Inductively defined sequence of graph neighborhoods

You are mixing closed and open neighbourhood. I think when they are stating $D_n=N(D_0\cup\ldots\cup D_{n-1})$, they are implying the open neighbourhood

The open neighbourhood $N(S)$ of some set of vertices $S$ does not include $S$. Therefore, using your exampla of the path $P$:

$D_0=\{v_0\}$

$D_1=N(D_0)=\{v \mid d(v_0,v)=1\}$

$D_2=N(D_0\cup D_1)=\{v \mid d(v_0,v)=2\}$ and so on.

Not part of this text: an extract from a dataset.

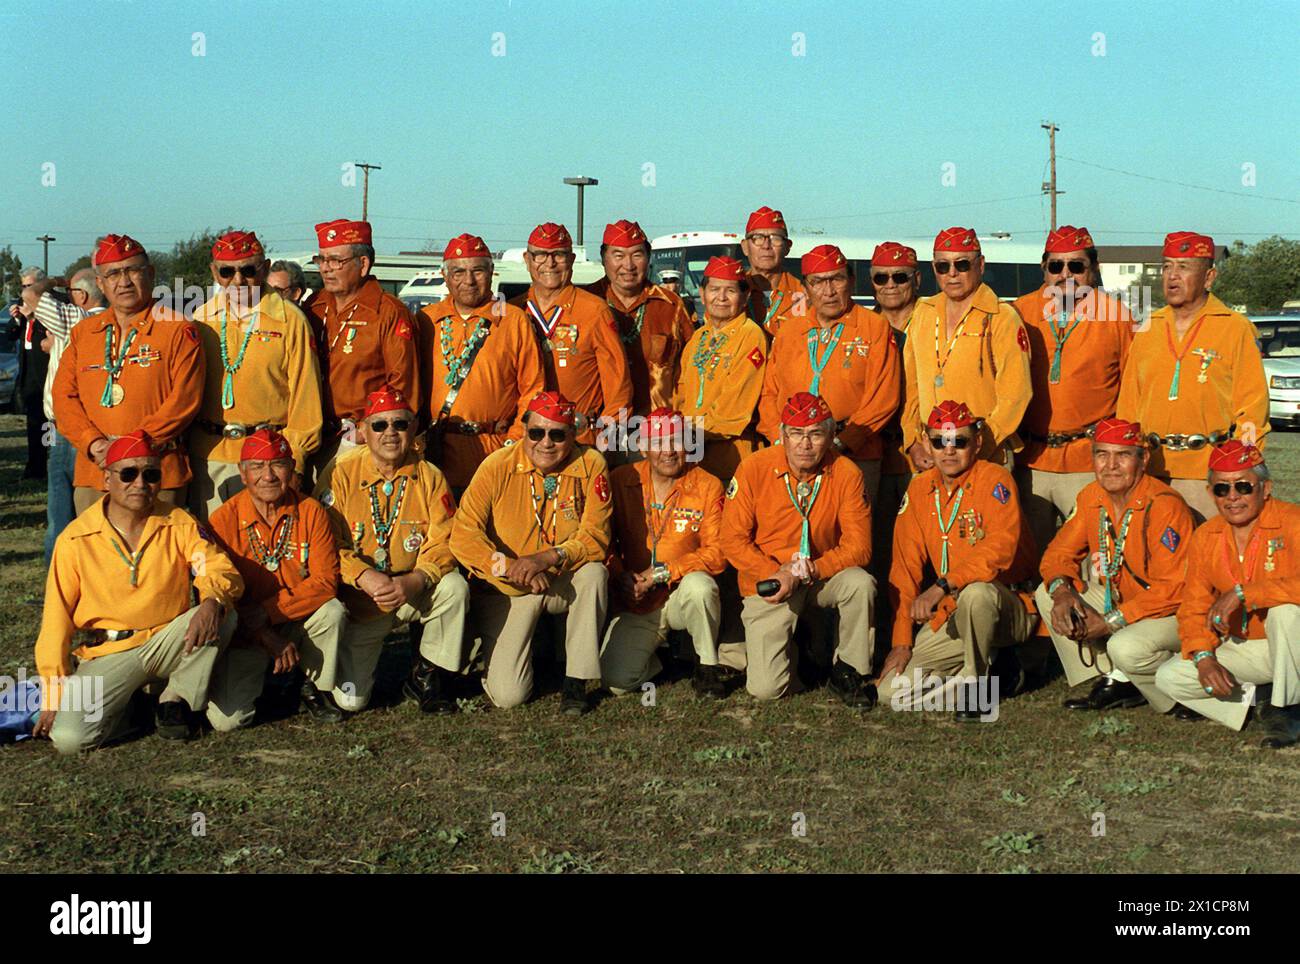 Mitglieder der 3. Und 4. Division Navajo Code-Sprecher-Platoons des Zweiten Weltkriegs posieren in Uniform ihrer Einheit für ein Gruppenfoto während einer Gedenkfeier der Landung auf Iwo Jima. 2/21/1987. Foto vom USMC/Camp Pendleton CA Marine Corps Base Camp Stockfoto

More precisely if you define $P$ as: $$ \ldots \ v_{-n} \ldots \ v_{-2} \ v_1 \ v_0 \ v_1 \ v_2 \ldots \ v_n \ldots$$ Then $D_0=\{v_0\}$, $D_1=N(D_0)=\{v_1,v_{-1}\}$, and $$D_2=N(D_0\cup D_1)= N(\{v_1,v_0,v_{-1}\})=\{v_2,v_{-2}\}$$

Therefore the statements holds as \begin{align*} D_{n+1}=\{v_{n+1},v_{-(n+1)}\} &\subset N(D_n)=N(\{v_{n},v_{-n}\})=\{v_{n+1},v_{n-1},v_{-(n-1)},v_{-(n+1)}\}\\ &\subset D_{n-1} \cup D_{n+1} \end{align*} with an equality in your specific case of $P$

It depends on how you define the neighbourhood, but it seems that here it is defined so that $N(V')$ comprises the vertices adjacent to some vertex in $V'$, excluding vertices in $V'$.

So in that case, $N(D_0\cup D_1)\neq \{v|d(v_0,v)\leq 2\}$.